What needs to be done.
Pictures are to be left out; every line from the one that holds "Lead Designer Skyler" to the end of the data is to be retyped exactly.

Data provided.
BEGIN

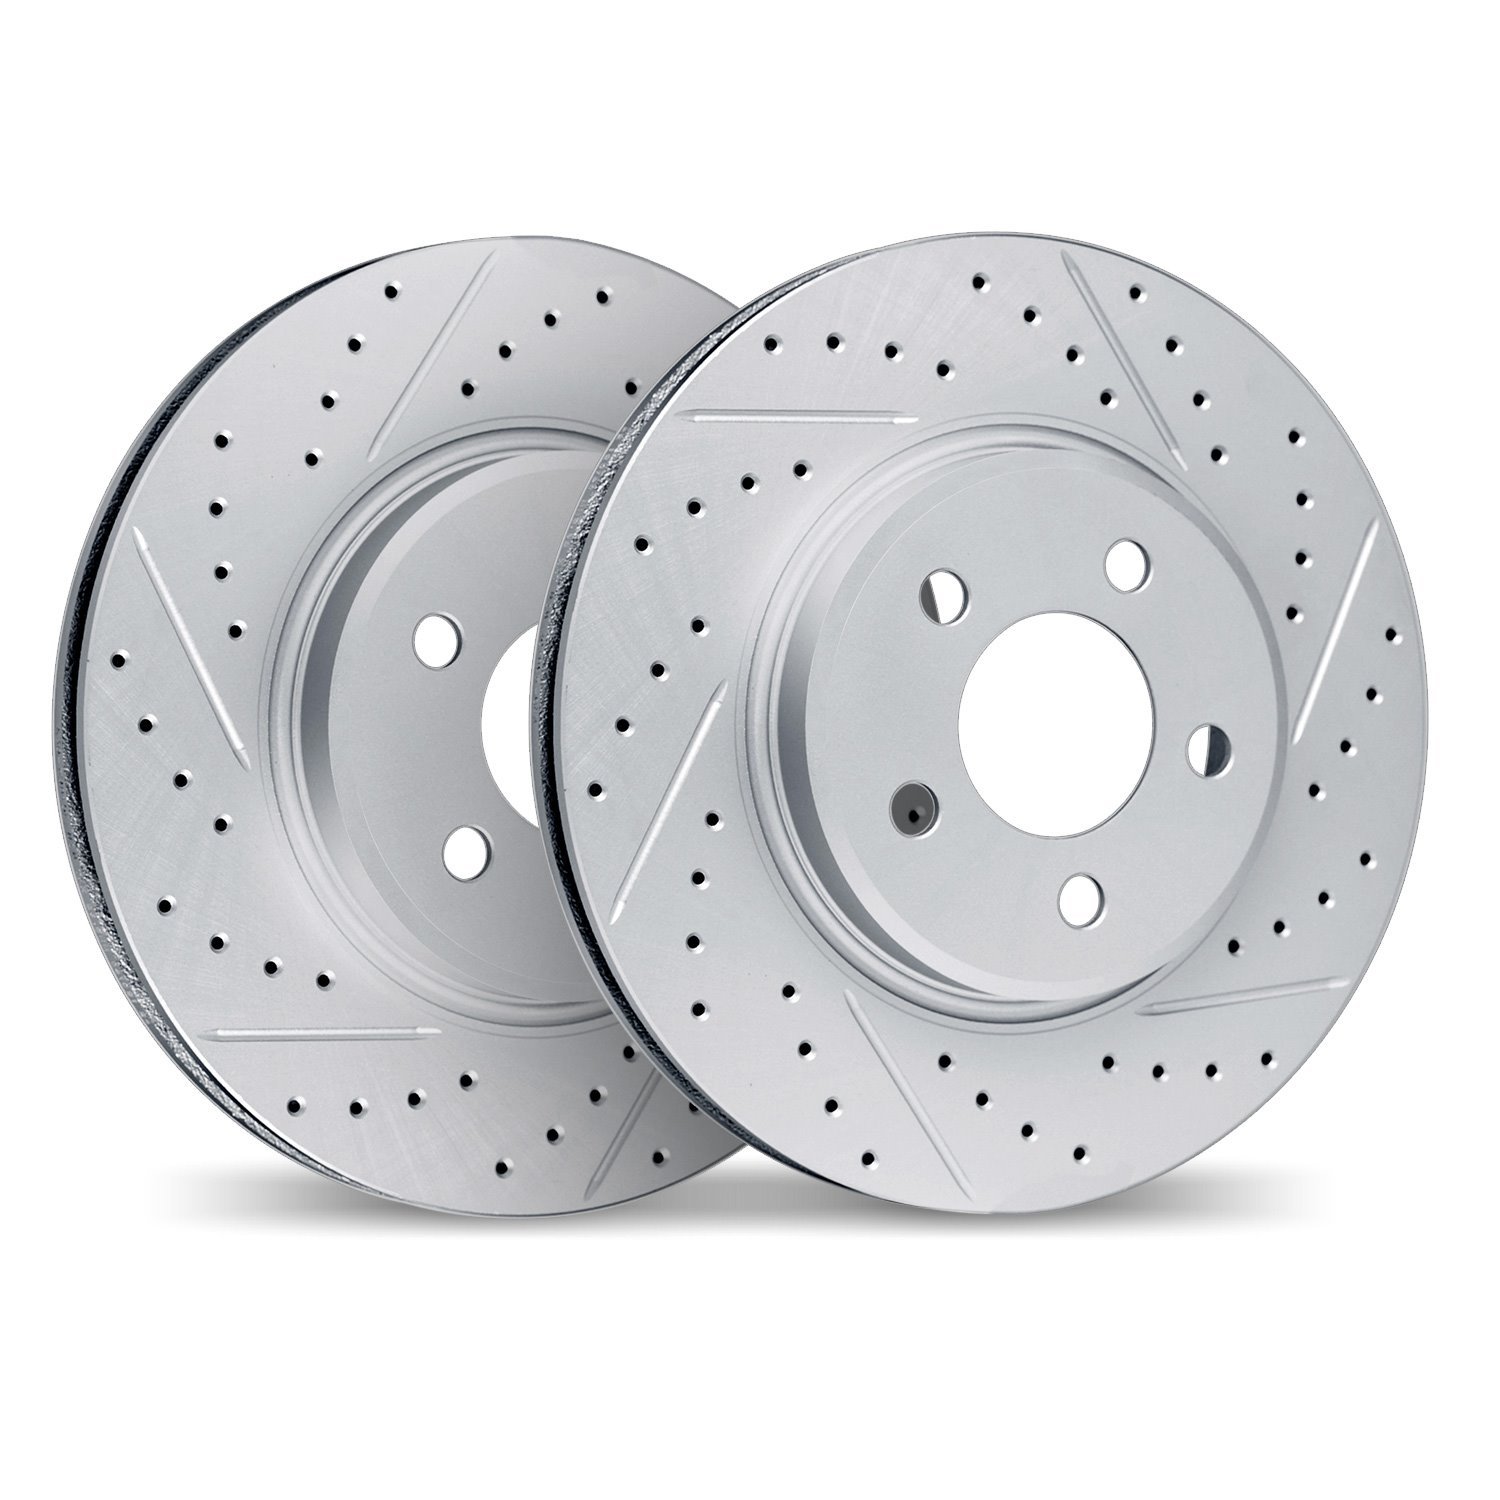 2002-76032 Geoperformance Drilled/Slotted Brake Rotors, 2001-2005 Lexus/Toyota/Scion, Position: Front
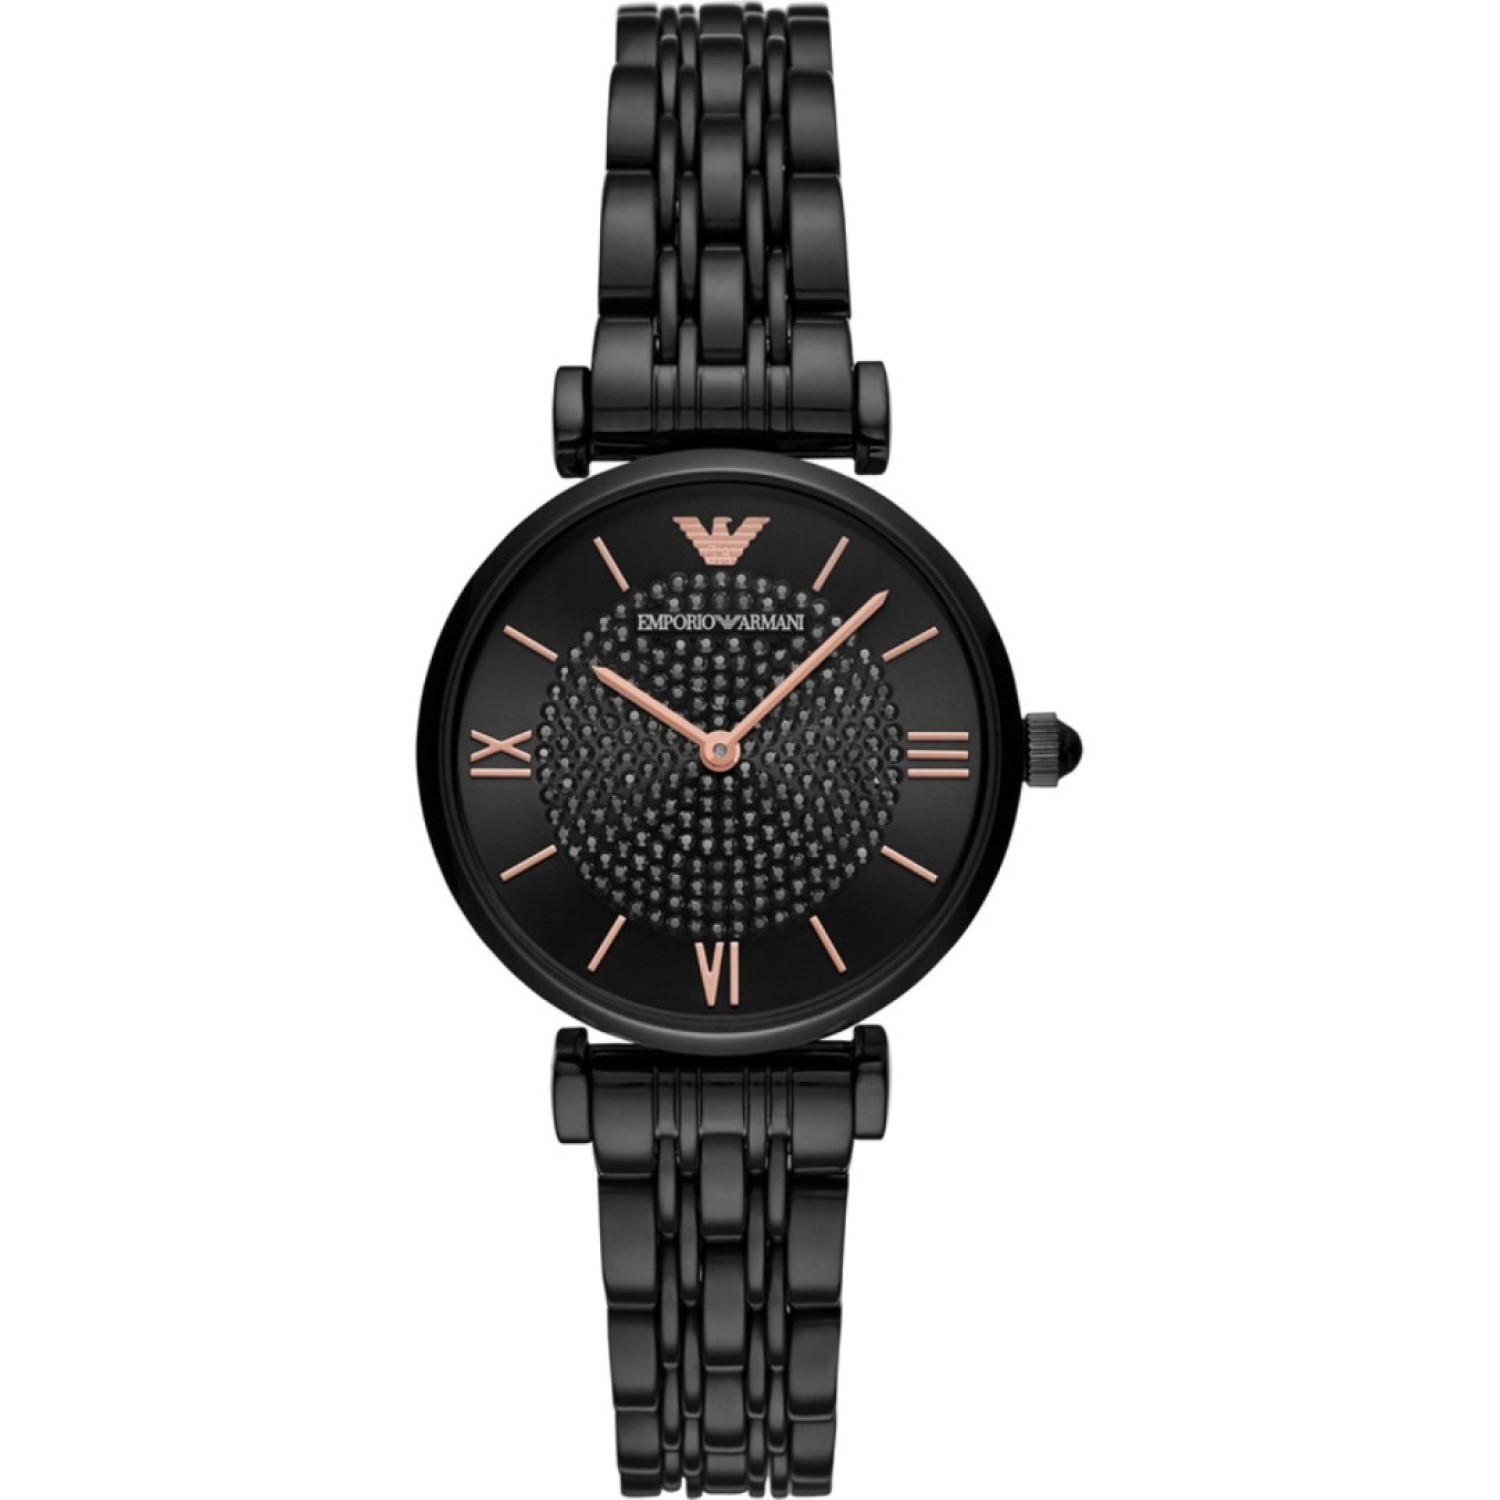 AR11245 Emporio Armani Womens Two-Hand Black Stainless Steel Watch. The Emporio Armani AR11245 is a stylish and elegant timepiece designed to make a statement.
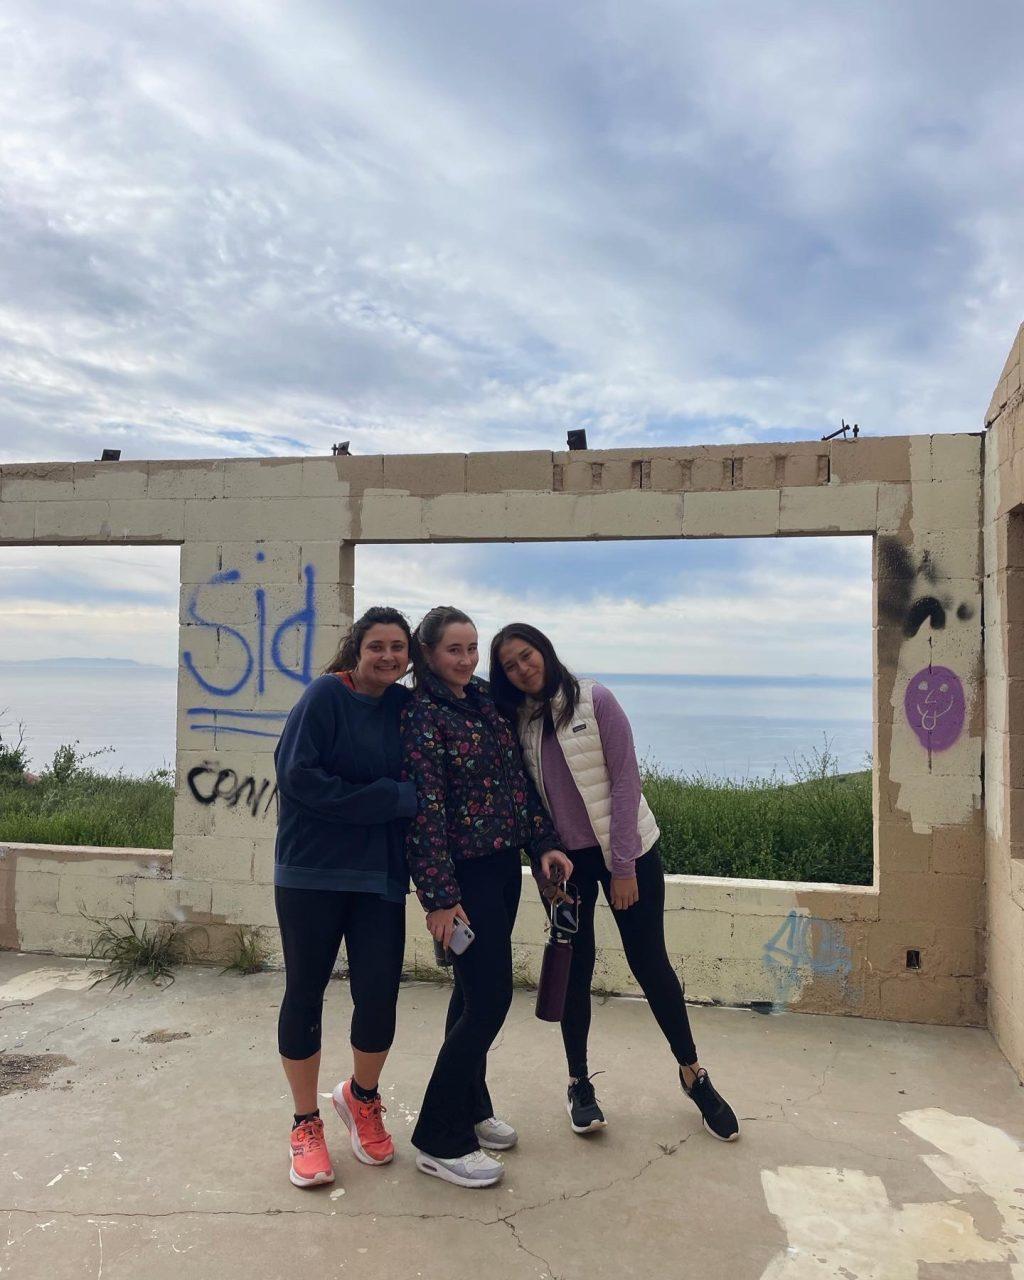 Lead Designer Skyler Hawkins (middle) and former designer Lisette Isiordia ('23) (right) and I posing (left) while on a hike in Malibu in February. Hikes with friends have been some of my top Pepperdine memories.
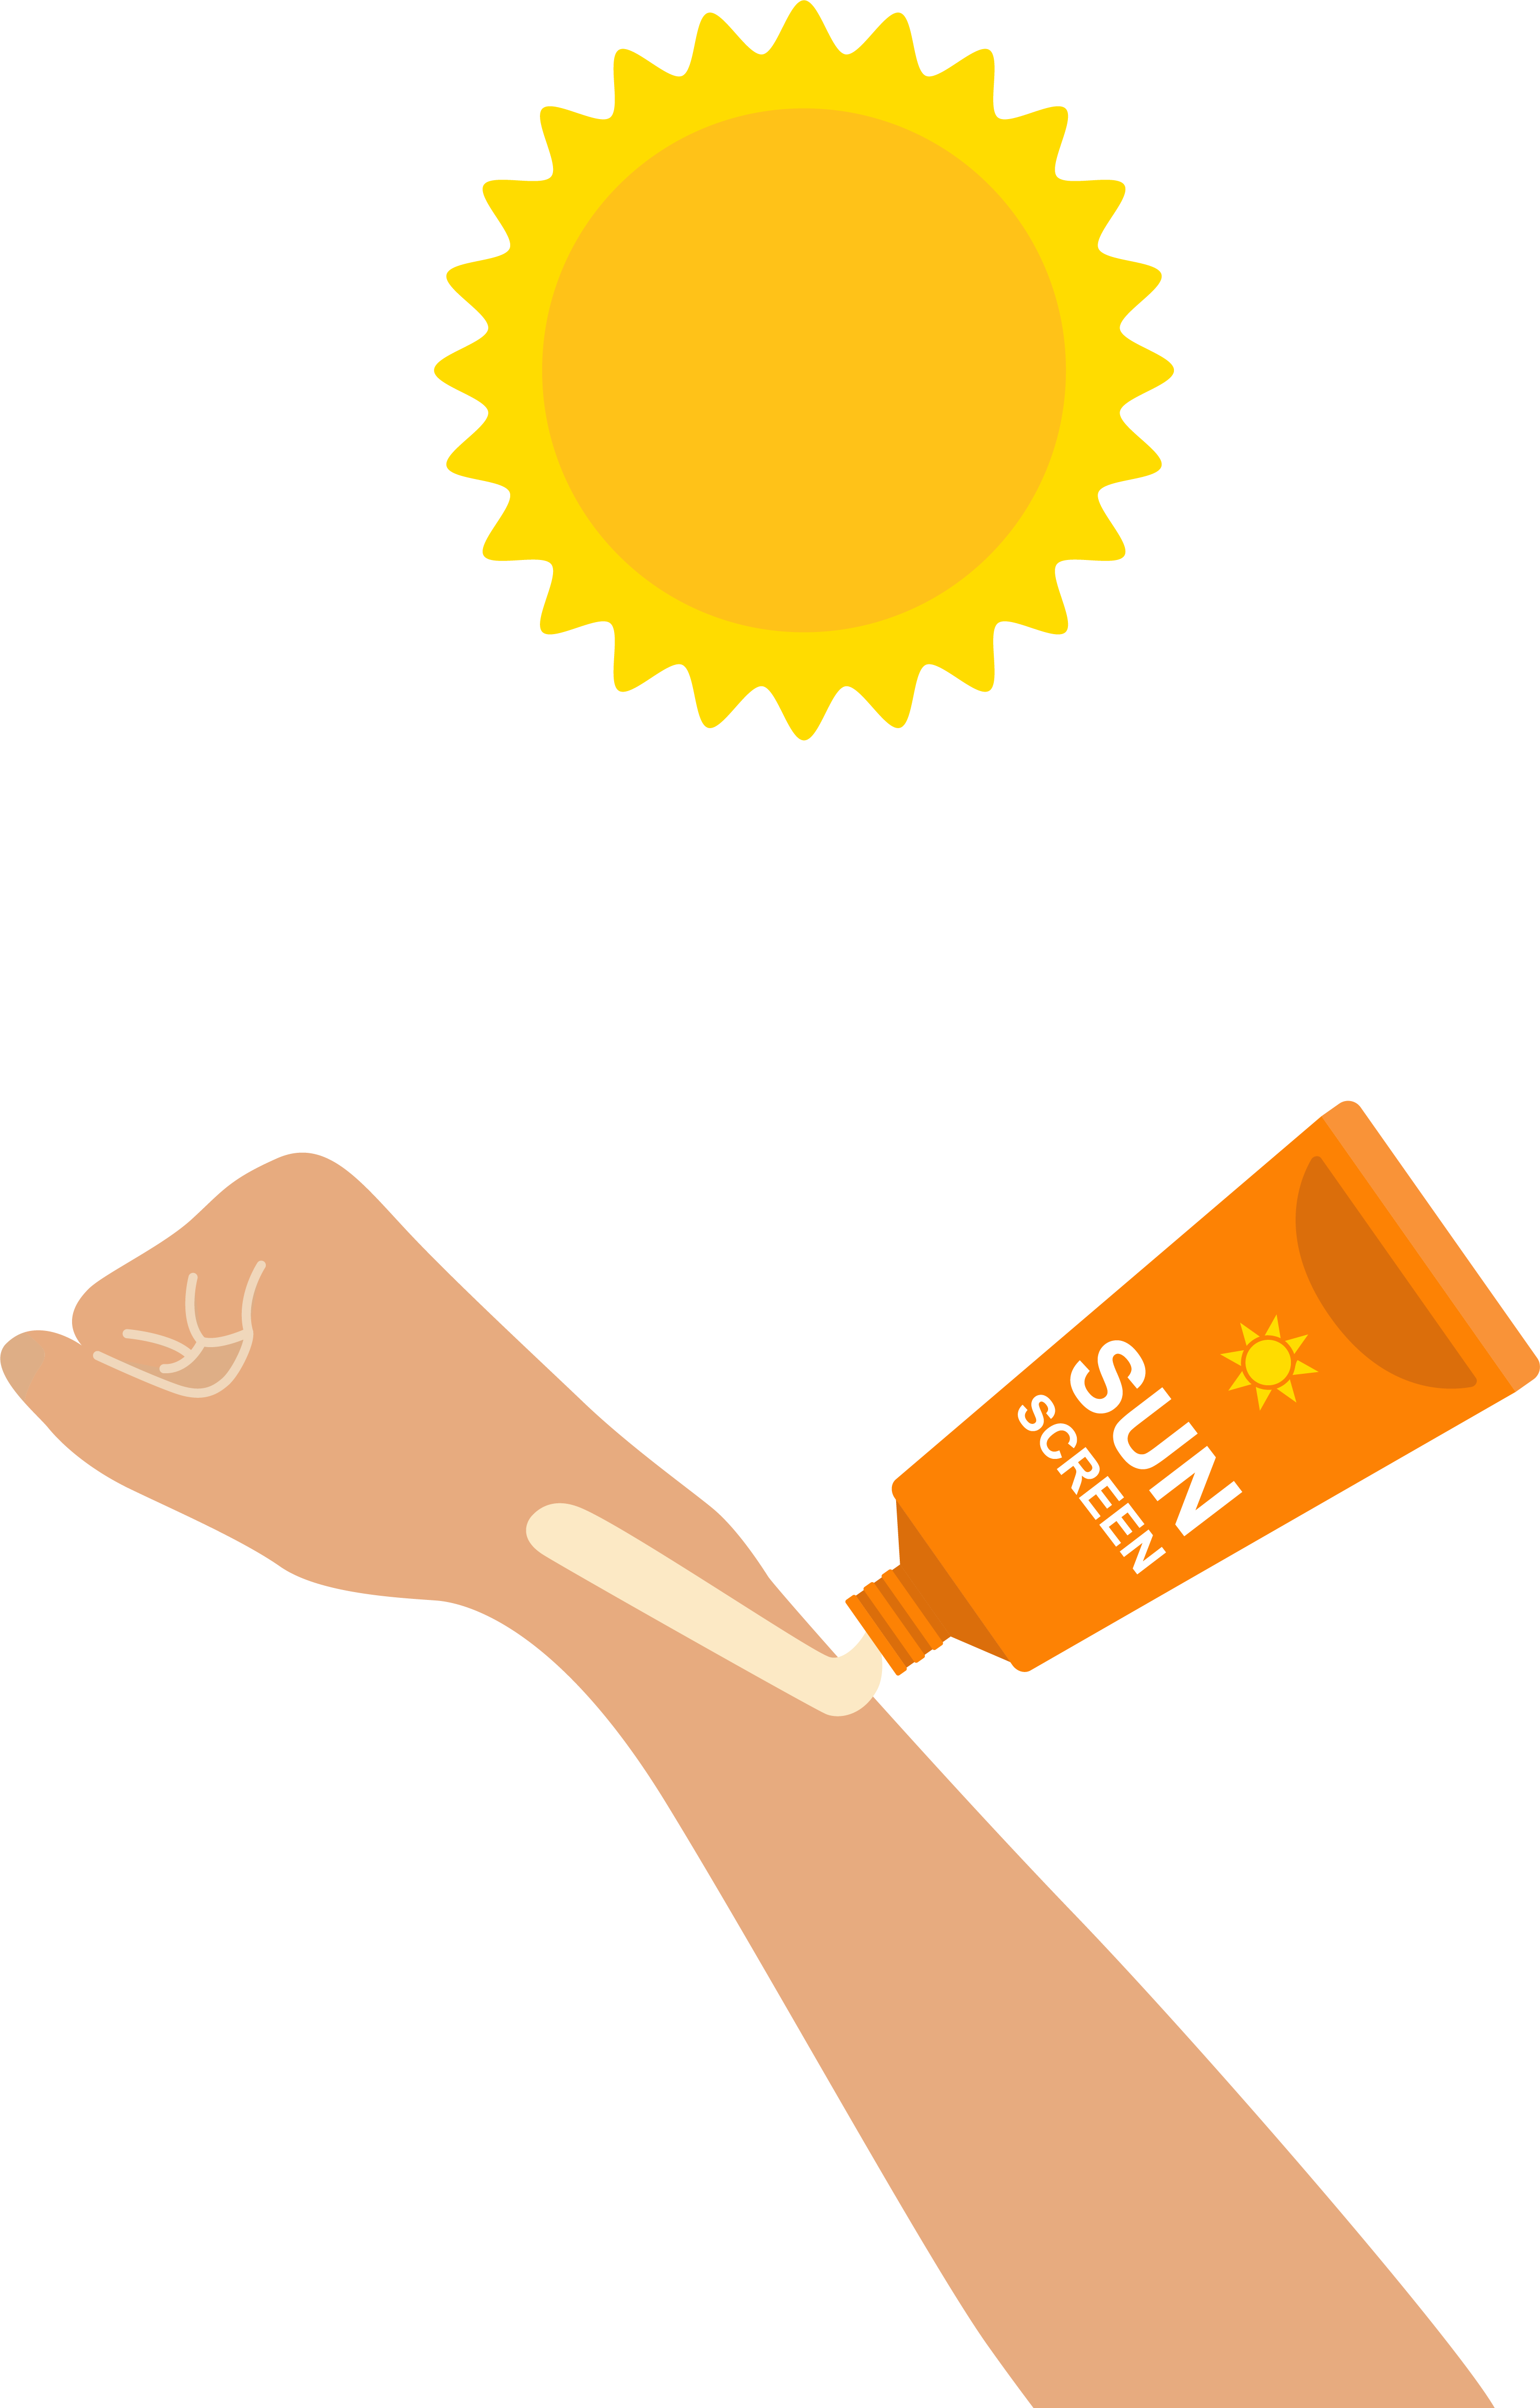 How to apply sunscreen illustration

END

Problem solution.
 Lead Designer Skyler Hawkins (middle) and former designer Lisette Isiordia ('23) (right) and I posing (left) while on a hike in Malibu in February. Hikes with friends have been some of my top Pepperdine memories.
 How to apply sunscreen illustration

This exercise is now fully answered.